# It's Sunday what Schwinns did we find this week??? 8-17-14



## vintage2wheel (Aug 17, 2014)

It's Sunday what prewar/vintage Schwinn bikes-parts-history did we find this week???


Post some pics and tell us the story behind the find!!!


----------



## M & M cycle (Aug 17, 2014)

*Michaels latest Schwinn*

Michael picked this up 30 miles from home off a cl ad, the frame has been repainted and it has the wrong fenders, but the tank still has its original paint so he is going to use it on his original paint 40 DX (2nd pic) that he picked up this spring, we will post more pictures of the 40 DX when he gets the tank on and gets the bike cleaned and detailed, thank you all for the help so far, we really do appreciate it, Mark & Michael


----------



## Overhauler (Aug 17, 2014)

*Sting-Ray's*

Picked up a 1964 Flamboyant Lime Deluxe Sting-Ray that will make a nice original , and a 5 speed Flamboyant Red Sting-Ray.
 Lee


----------



## 41rollfast (Aug 17, 2014)

Overhauler said:


> Picked up a 1964 Flamboyant Lime Deluxe Sting-Ray that will make a nice original , and a 5 speed Flamboyant Red Sting-Ray.
> Lee






Flamboyant 64 is a great score, ESPECIALY if that's the price tag on the handlebar!!
One of my favorites.


----------



## Overhauler (Aug 17, 2014)

41rollfast said:


> Flamboyant 64 is a great score, ESPECIALY if that's the price tag on the handlebar!!
> One of my favorites.



 That is the lot#, I bought it via phone bid at an auction , then had to drive 175 miles one way to get it. Hard to find in decent original condition, i will do a before and after when I get it done.
 Thanks , Lee


----------



## rollfaster (Aug 18, 2014)

*Sweet finds lee...*

Really dig that green 64 with the polo seat.

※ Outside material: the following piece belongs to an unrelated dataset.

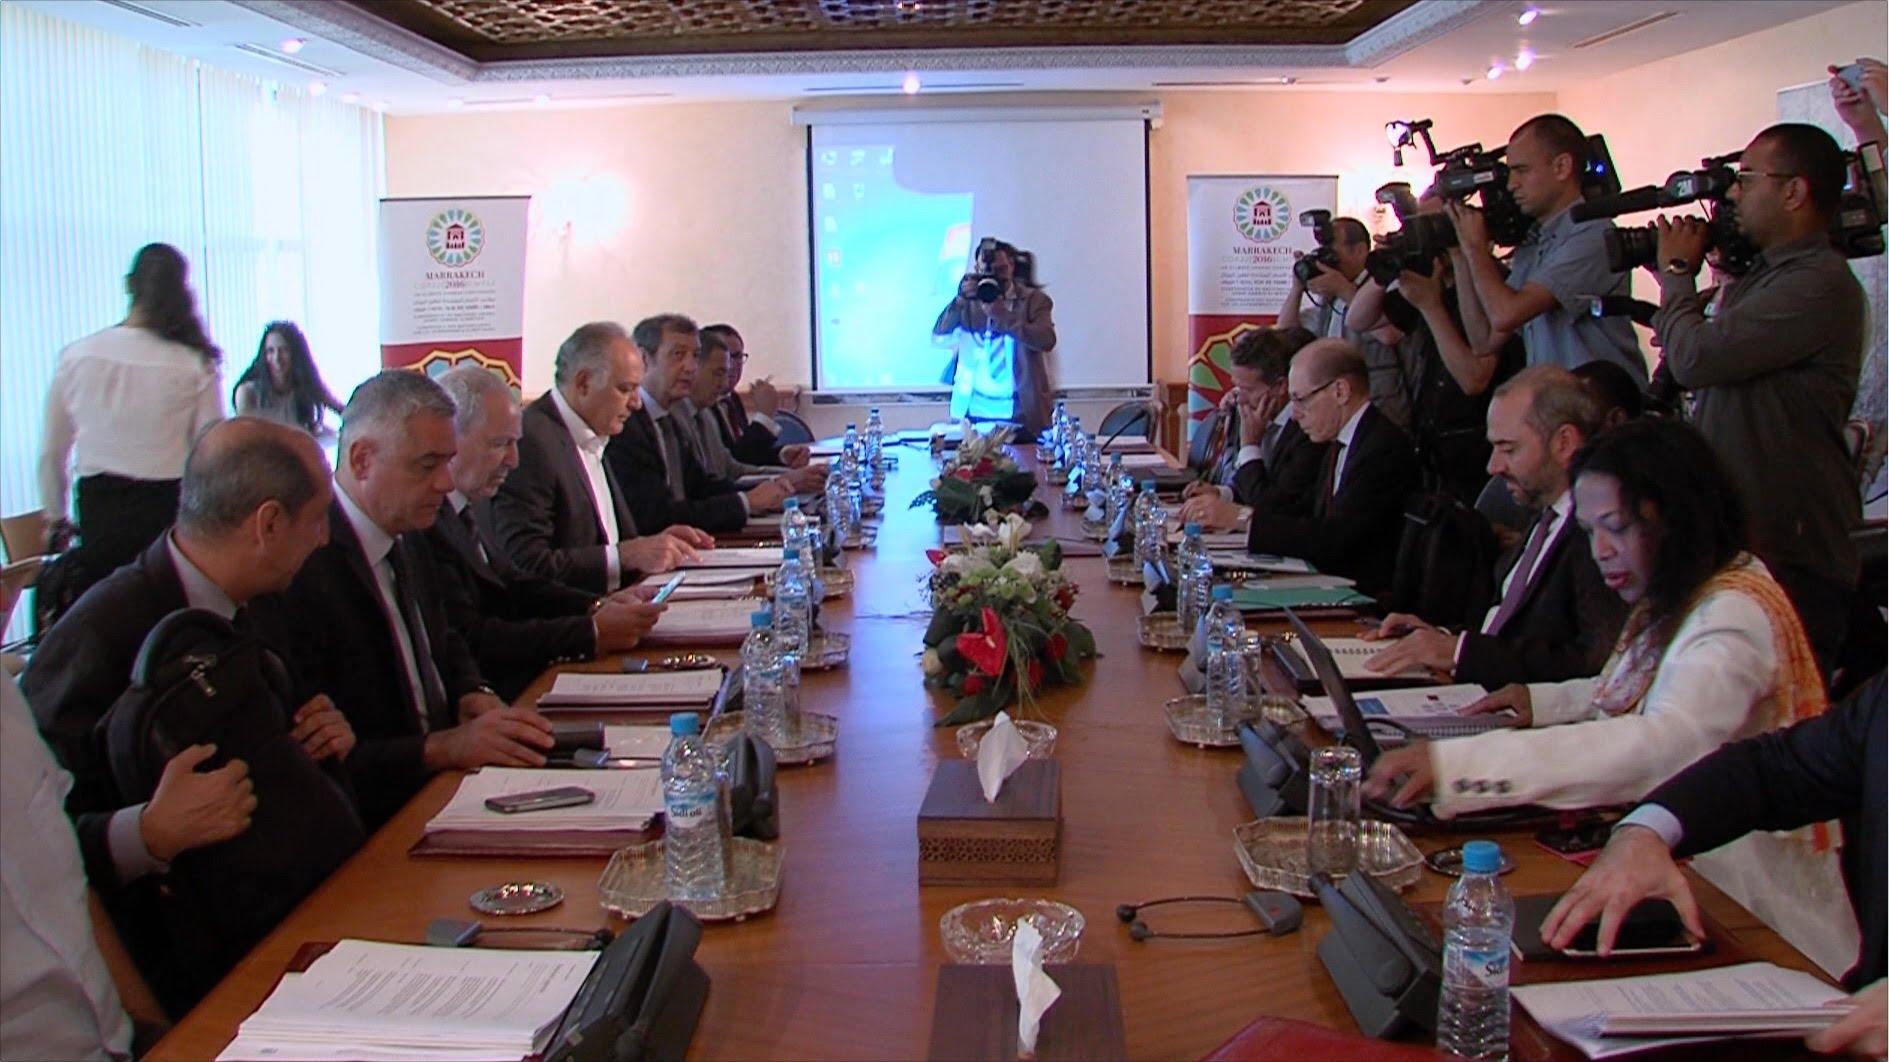 مزوار ييتباحث مع الأمين التنفيذي بالنيابة للاتفاقية الإطار للأمم المتحدة بشأن التغيرات المناخية

Rob.


----------



## greenephantom (Aug 21, 2014)

Picked up a very crusty original owner 1951 standard straightbar (skiptooth) with dealer add-on springer from the original owner (who happened to be selling off his shuttered machete factory property, no joke). Black and ivory. Last saw service in the 1970s. It's a rust bucket, but very original. I don't have the heart to part it out, so it's getting the Nexus 7 treatment (alloy hoops and all, the original chrome S-2s rusted all to hell with brittle spokes) with Quick Brick tires and a skiptooth-ectomy to the drivetrain. When it's done it'll still look like hell, but it'll also go like hell as well. It's all apart (thanks to Liquid Wrench and an electric impact wrench) with the exception of the secondary headset nut (anyone have an 8-point 1 & 9/16" socket to lend?), which will likely have to be surgically removed with the angle grinder.
-Geoff


----------



## SJ_BIKER (Aug 22, 2014)

*1955 schwinn metallic red phantom*

i picked this metallic red phantom from a fellow caber.... gonna spruce it up....too rusteh for my liking


----------



## dean724 (Aug 23, 2014)

*8/23/14*

i picked up a 1974 suburban......a 1972 speedster.....and a 1973 red sting ray.....the sting ray has weak wheels bars and seat.....but the frame is clean as is the chain guard..red sparkle grips are good too......will post sale of frame and parts soon.....anyone interested contact me before sale is posted at > dean.724@live.com


----------



## joebjorklund (Aug 24, 2014)

*Picked up at a garage sale this weekend.*

This was a great pick up, riding condition after new tires and some fender dents taken out.


----------



## frank 81 (Aug 24, 2014)

*1941 Henderson*

Needs some TLC, Will be a  nice project for someone.View attachment 166141


----------



## sloar (Aug 25, 2014)

Not as nice as the others, but I picked this 1976 Suburban up at a rummage sale for $25.


----------